Q&A: Distinction Between Money and Physical Suffering
Distinction Between Money and Physical Suffering
Question
In the Babylonian Talmud, in the last chapter of Bava Kamma, it is explained that if an agent of the religious court says that a person refuses to come to court, they place him under excommunication,
but they do not write it down, because it is impossible to collect the scribe’s fee on the basis of that credibility alone. How can it be that causing a person such enormous humiliation
and writing that he is under excommunication
is possible on the basis of a religious court agent
when Rashi explains that there is a presumption that he does not lie,
but even a small coin for the scribe’s fee cannot be collected?
Is this a decree of Scripture, that money is treated more stringently than emotional suffering?
Answer
See Perishah, section 11, subsection 2, who noted this.
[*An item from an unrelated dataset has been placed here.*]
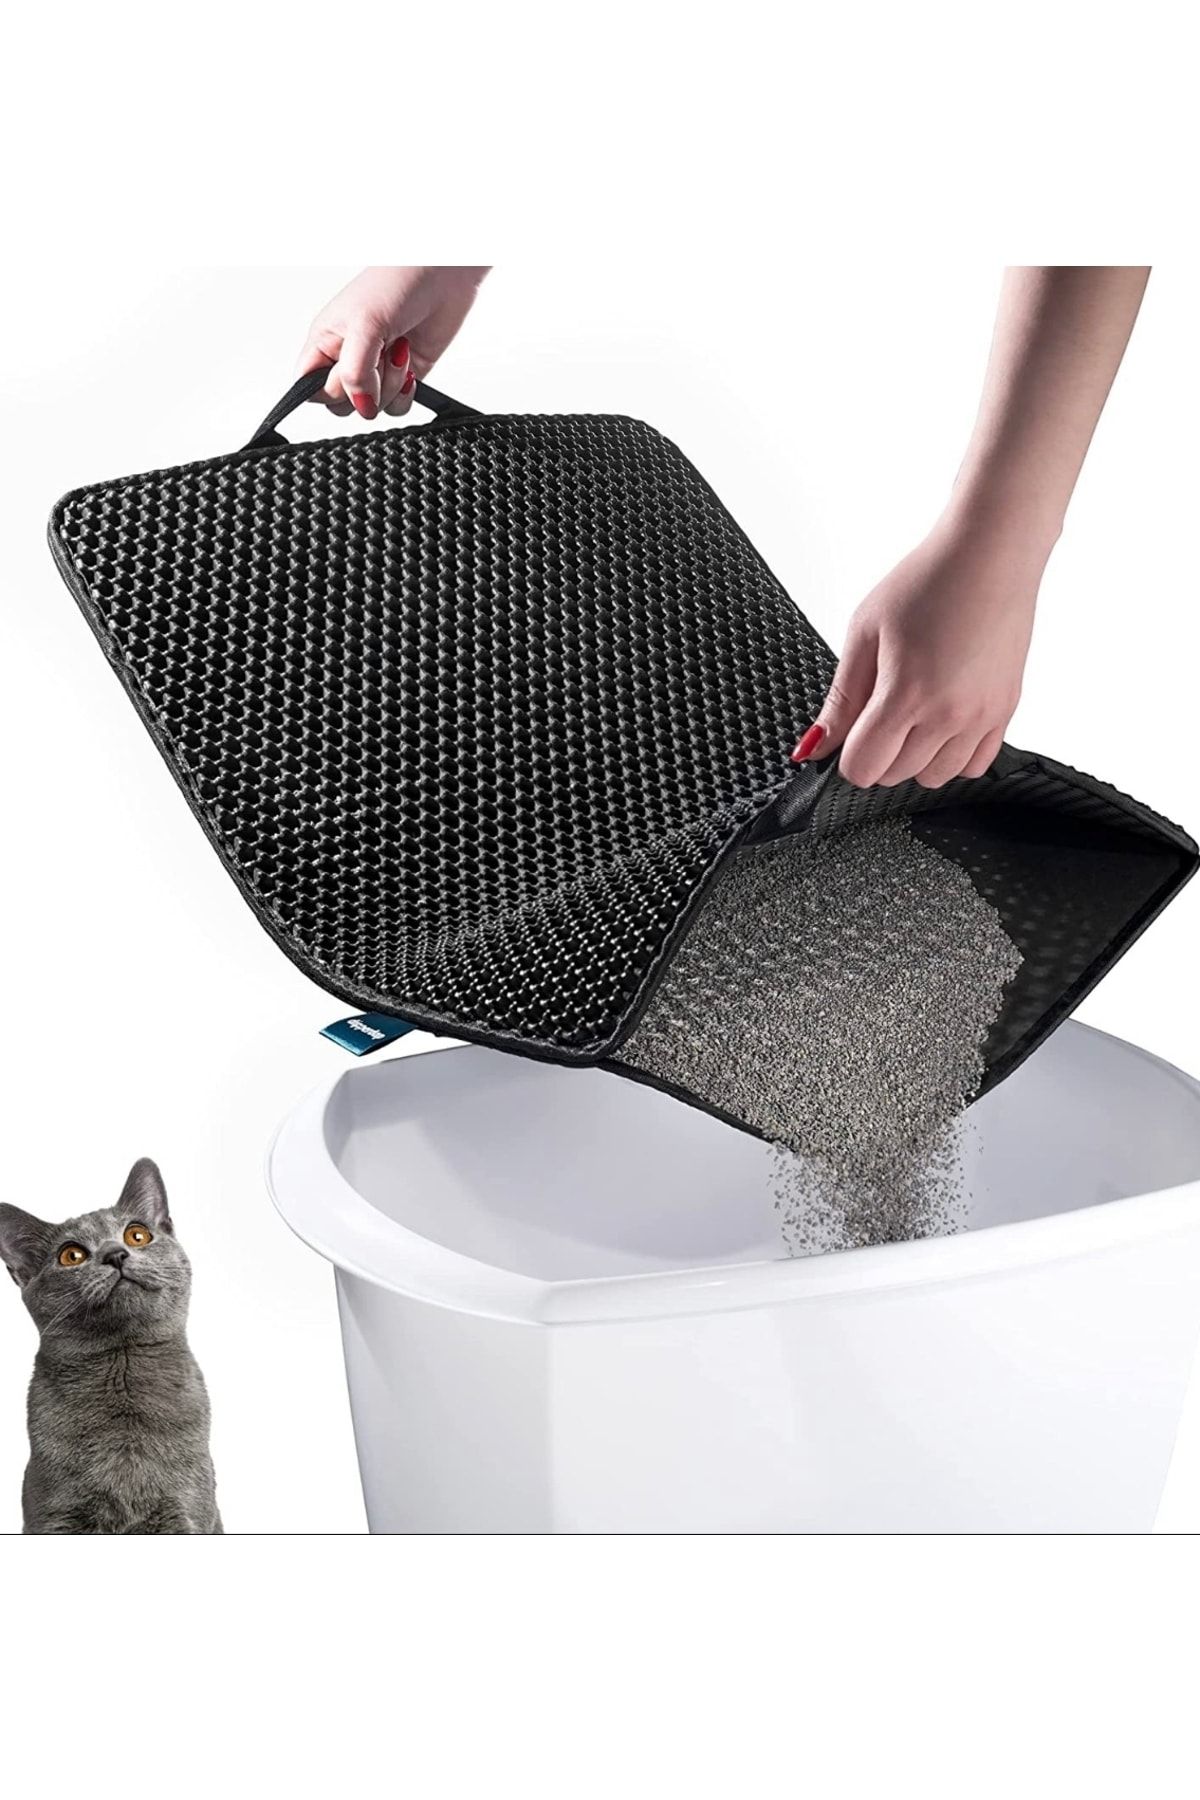 EnPet Elekli Kedi Tuvalet Önü Paspası Kedi Kumu Paspası
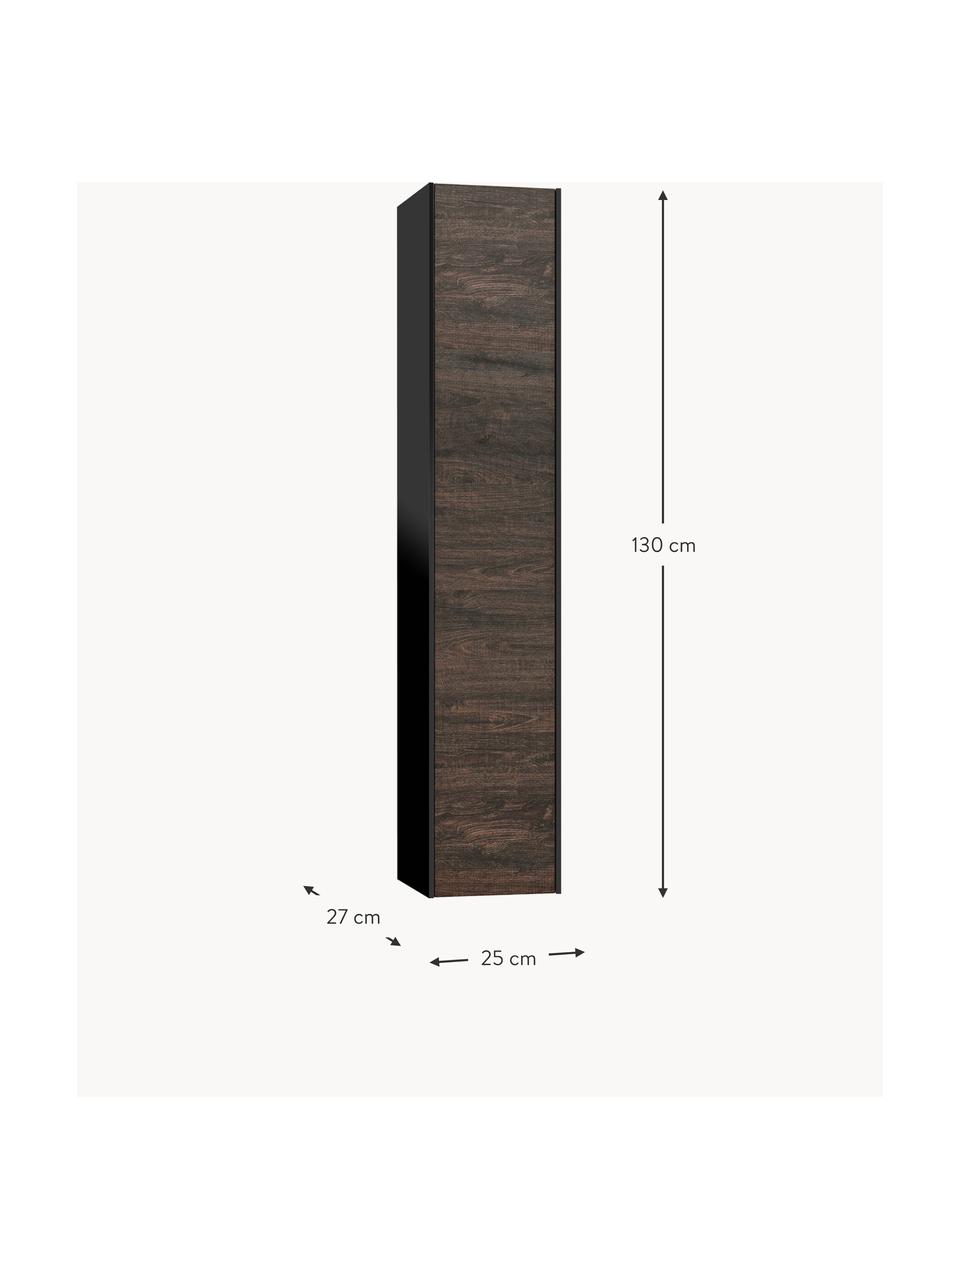 Vysoká koupelnová skříňka Ago, Š 25 cm, Vzhled jasanového dřeva, černá, Š 25 cm, V 130 cm

To extract money we require two witnesses.
You could ask similarly regarding the rule that one witness is trusted in matters of prohibition: after all, to testify that a certain piece of meat is non-kosher, one witness is enough, even though this causes its owner a monetary loss.
This is not a question of how important it is to a person, but of the laws of evidence in Jewish law.
Discussion on Answer
As I understand it, what I wrote is what he is answering.
Thank you for the answer,
but I did not understand the answer of the Perishah.